By finding out how molecules behave in electrical devices, a ten-fold increase in switching efficiency was obtained by changing just one carbon atom. The science behind the breakthrough will be documented in the February issue of Nature Nanotechnology.
Dr. Damien Thompson, Tyndall National Institute, UCC and a team of researchers at the National University of Singapore, led by Professor Chris Nijhuis, designed and created the devices, which are based on molecules acting as electrical valves, or diode rectifiers.
Dr. Thompson explains: "These molecules are very useful because they allow current to flow through them when switched on and block current flow when switched off. The results of the study show that simply adding one extra carbon is sufficient to improve the device performance by more than a factor of ten. We are following up lots of new ideas based on these results, and we hope ultimately to create a range of new components for electronic devices."
Dr. Thompson's atom-level computer simulations showed how molecules with an odd number of carbon atoms stand straighter than molecules with an even number of carbon atoms. This allows them to pack together more closely. Tightly packed assemblies of these molecules were formed on metal electrode surfaces by the Nijhuis group in Singapore and were found to be remarkably free of defects. These high-quality devices can suppress leakage currents and so operate more efficiently and reliably. The device can be cleanly switched on and off purely on the basis of the charge and shape of the molecules, just like in the biological nanomachines that regulate photosynthesis, cell division and tissue growth.
Tyndall Electronic Theory Group leader Professor Jim Greer comments: "Modern electronic devices such as telephones and tablets in manufacture today rely on tiny switches approaching molecular sizes. This provides new challenges for electronics, but also opens up exciting opportunities for blending molecular properties to be used to our advantage.”

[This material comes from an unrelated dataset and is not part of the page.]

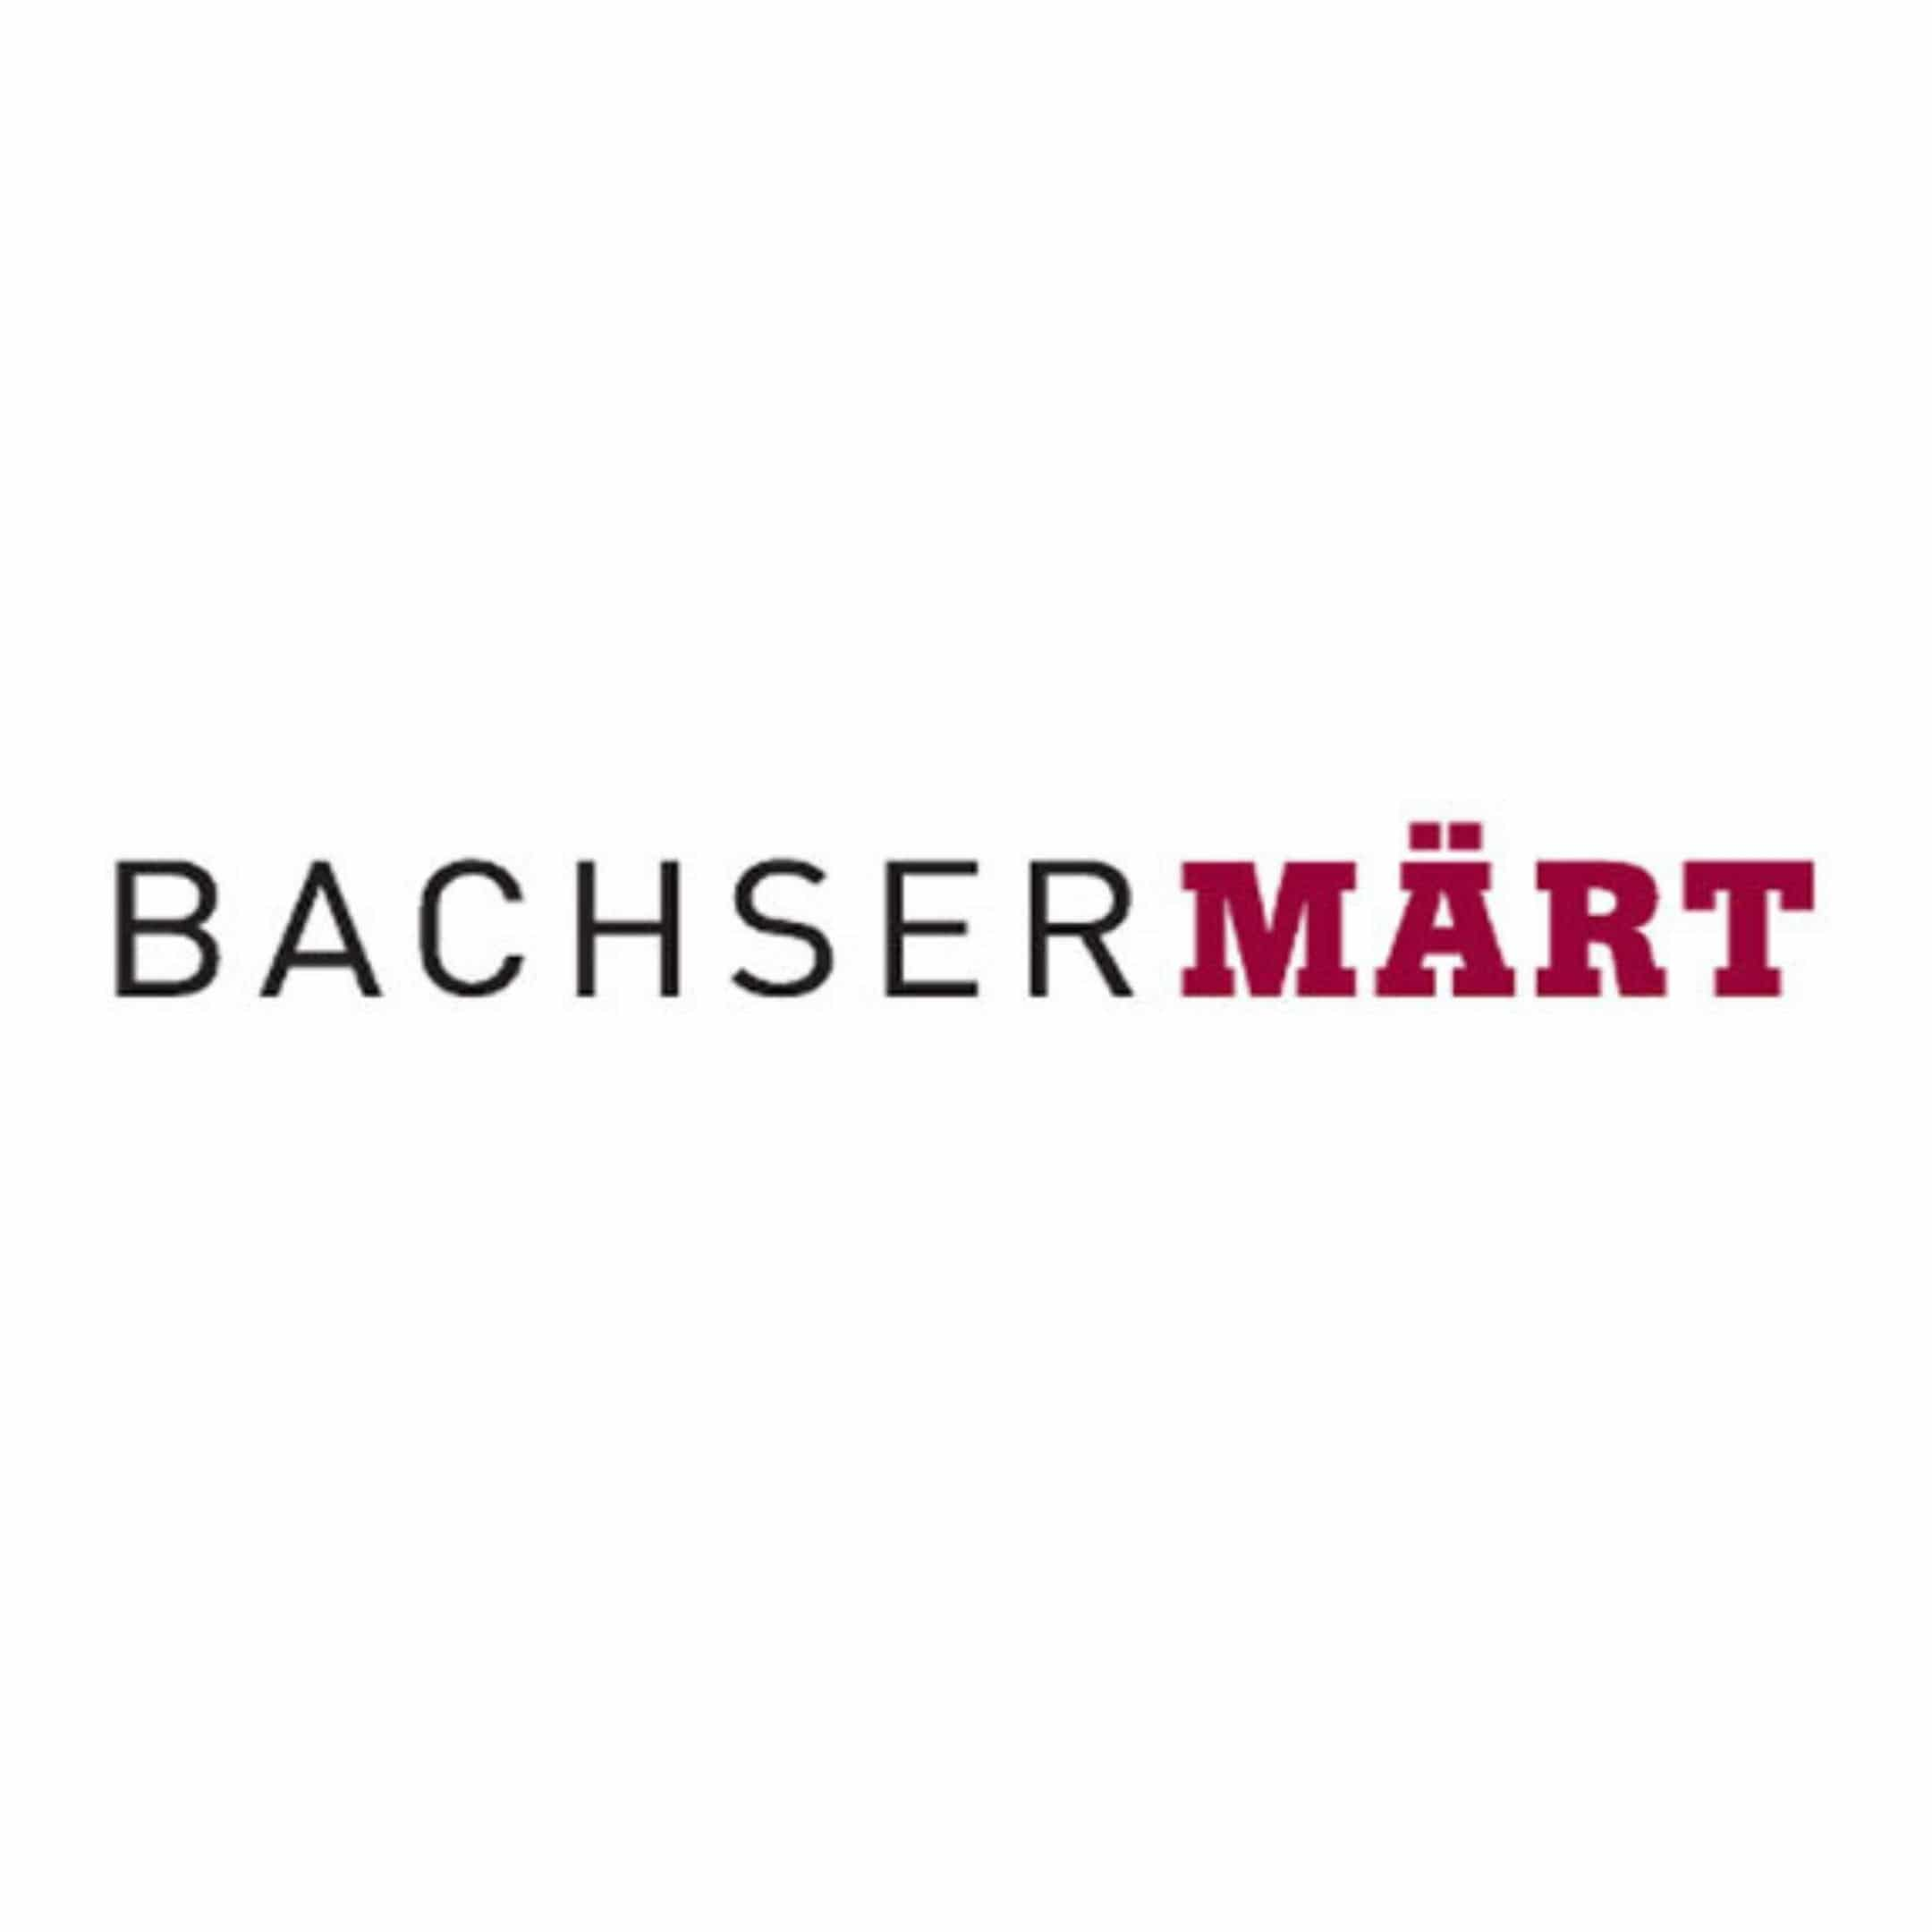 BachserMärt Bachs

This research, which was in part funded by a Science Foundation Ireland Starting Investigator award to Dr. Thompson, represents a key advance towards the creation of technologically viable ultra-small device components. The computer simulations were performed on Science Foundation Ireland-supported computing clusters at Tyndall and at the Irish Centre for High-End Computing. The combined experiments and simulations show for the first time that minute improvements in molecule orientation and packing trigger changes in van der Waals forces that are sufficiently large to dramatically improve the performance of electronic devices.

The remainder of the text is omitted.